- REQUIRED ACTION -
The answer should hold only the lines from the one containing "Neue Justiz (NJ), Zeitschrift" through the one containing "Bicicleta para niños" in the entries below, copied exactly, without pictures.

- SUPPLIED DATA -
____________________
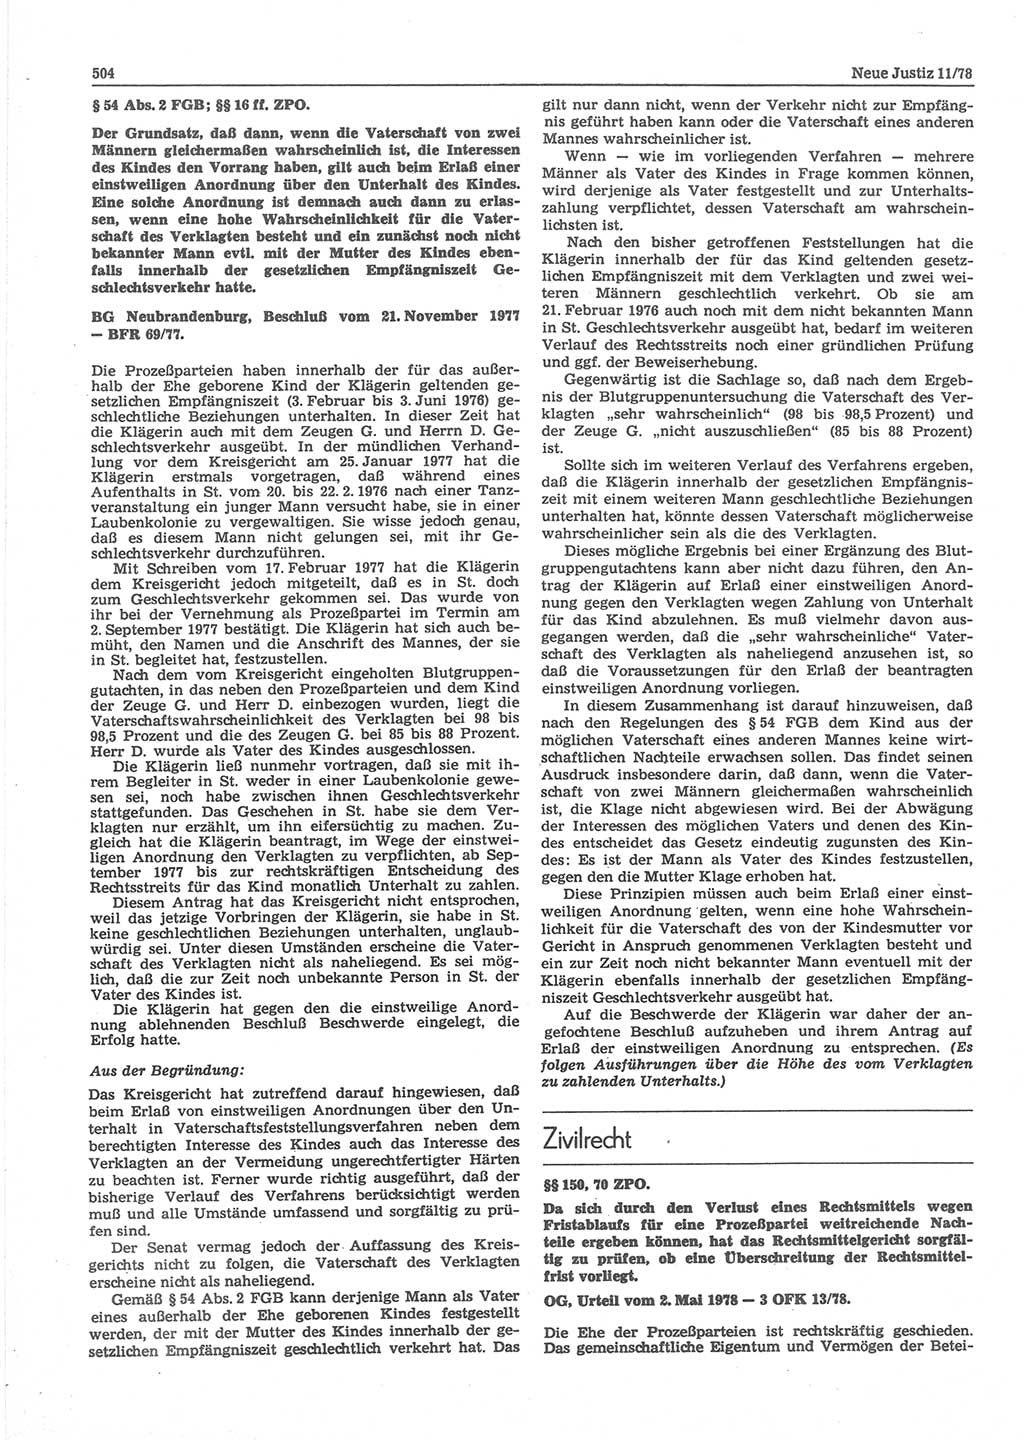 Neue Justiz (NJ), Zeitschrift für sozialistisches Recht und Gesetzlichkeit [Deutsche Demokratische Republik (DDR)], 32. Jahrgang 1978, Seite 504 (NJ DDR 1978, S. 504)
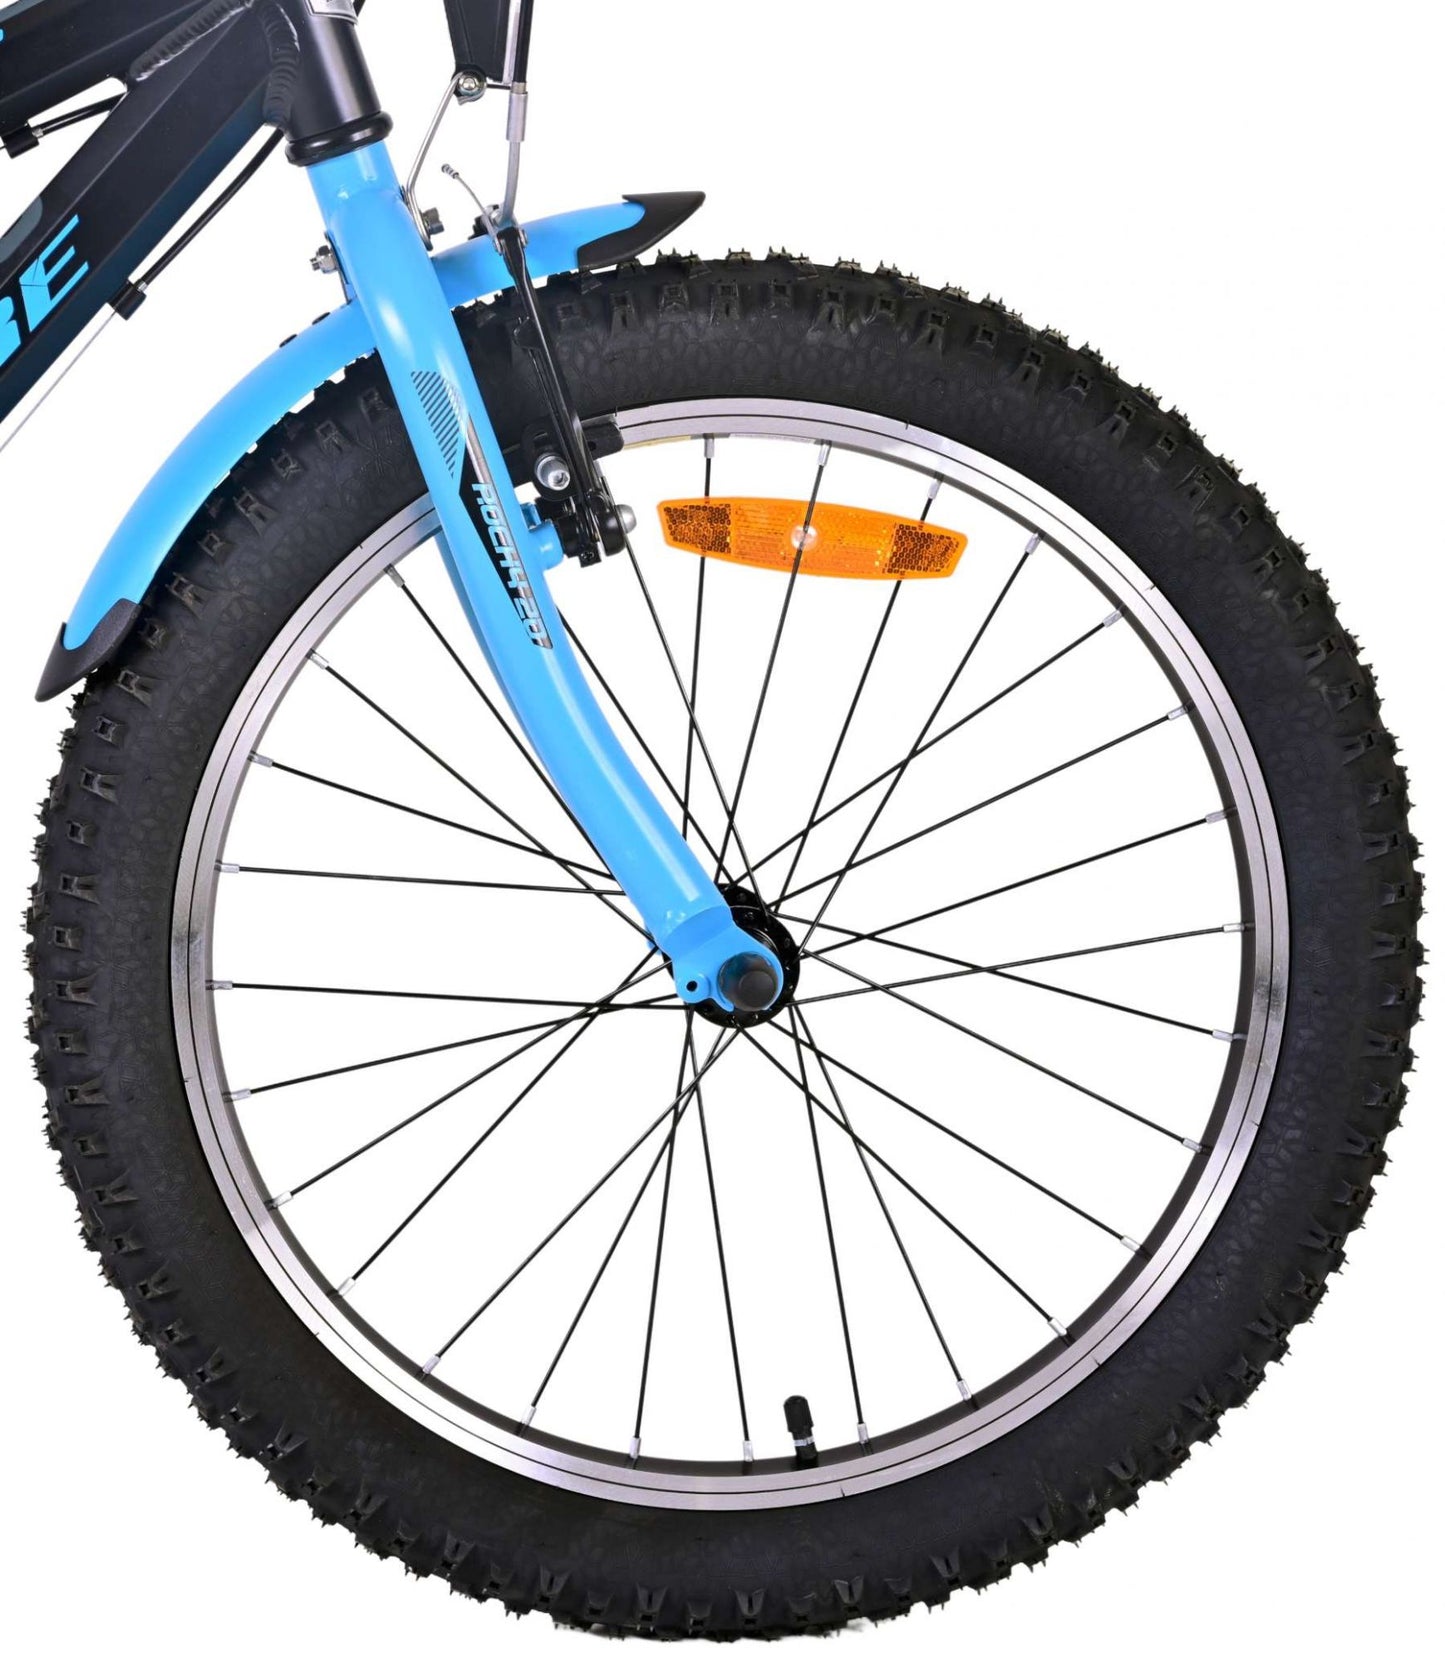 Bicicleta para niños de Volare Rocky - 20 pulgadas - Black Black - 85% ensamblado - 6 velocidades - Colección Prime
____________________
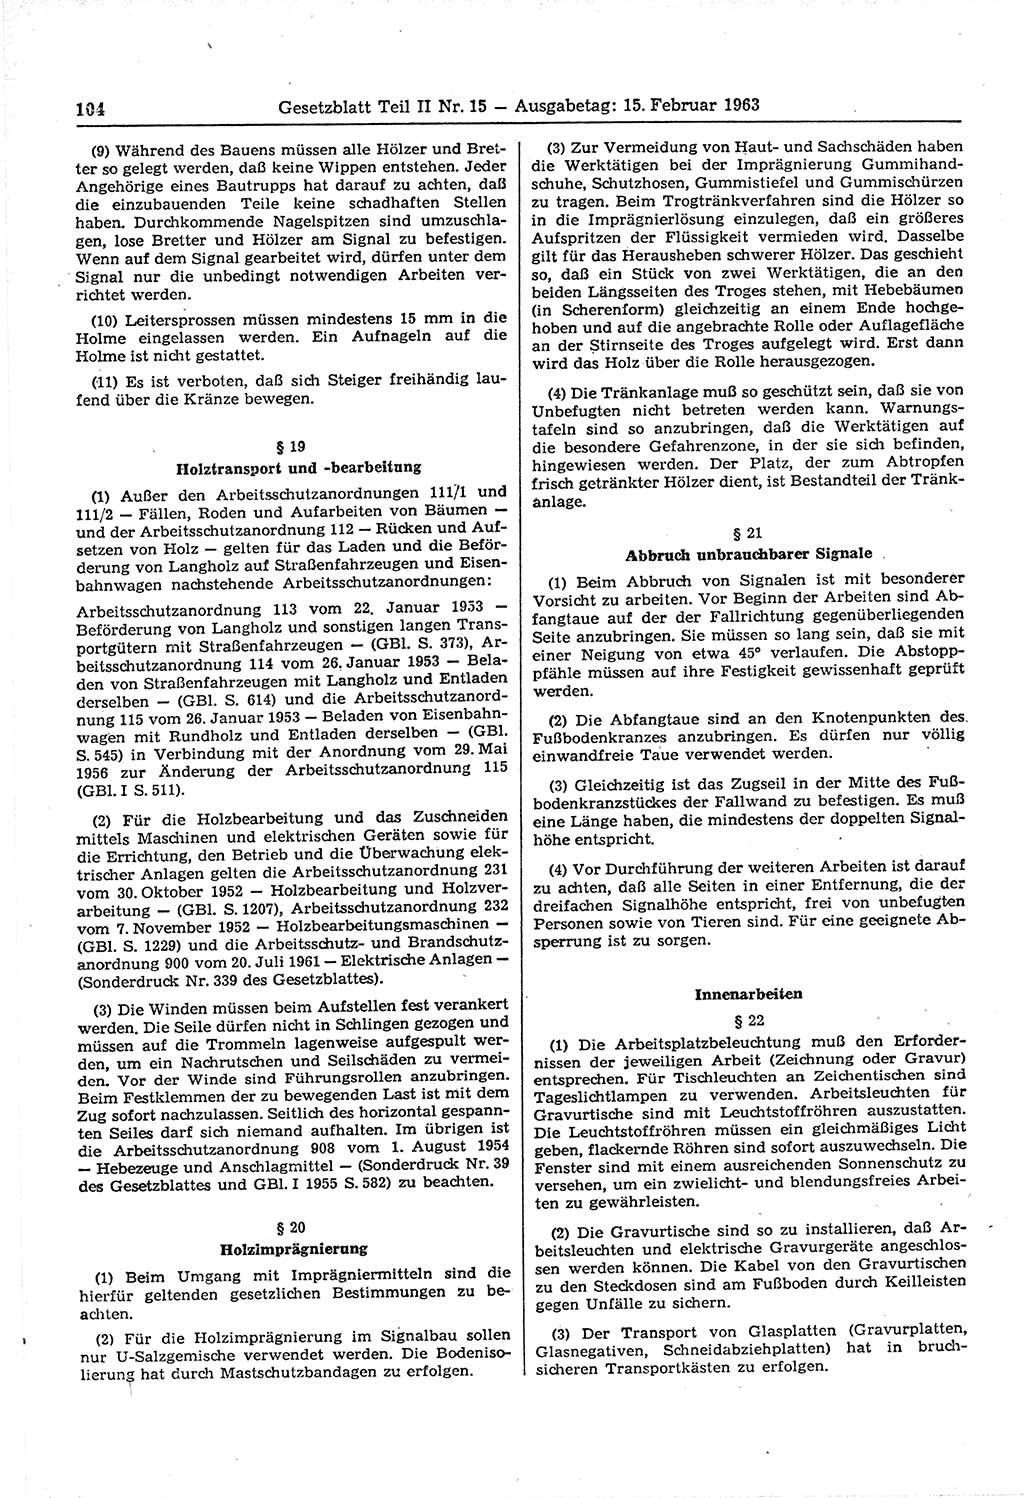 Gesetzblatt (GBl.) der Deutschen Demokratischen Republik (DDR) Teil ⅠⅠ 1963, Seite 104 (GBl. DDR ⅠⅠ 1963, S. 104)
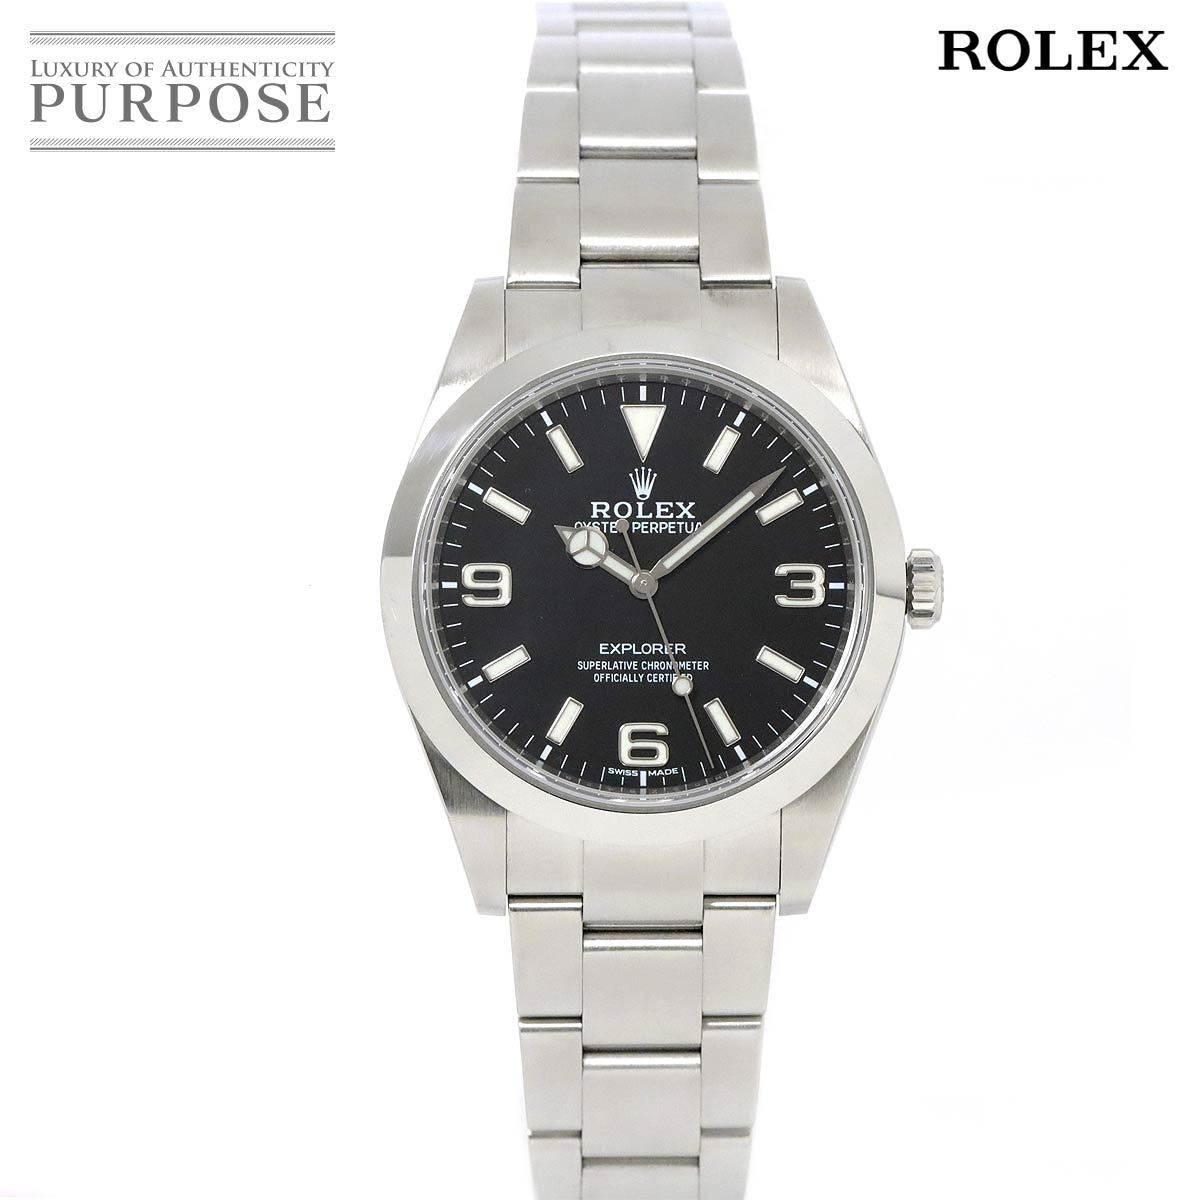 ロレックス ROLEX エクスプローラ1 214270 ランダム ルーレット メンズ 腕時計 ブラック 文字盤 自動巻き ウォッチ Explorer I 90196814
____________________
- EXPECTED OUTPUT -
 Neue Justiz (NJ), Zeitschrift für sozialistisches Recht und Gesetzlichkeit [Deutsche Demokratische Republik (DDR)], 32. Jahrgang 1978, Seite 504 (NJ DDR 1978, S. 504)
 Bicicleta para niños de Volare Rocky - 20 pulgadas - Black Black - 85% ensamblado - 6 velocidades - Colección Prime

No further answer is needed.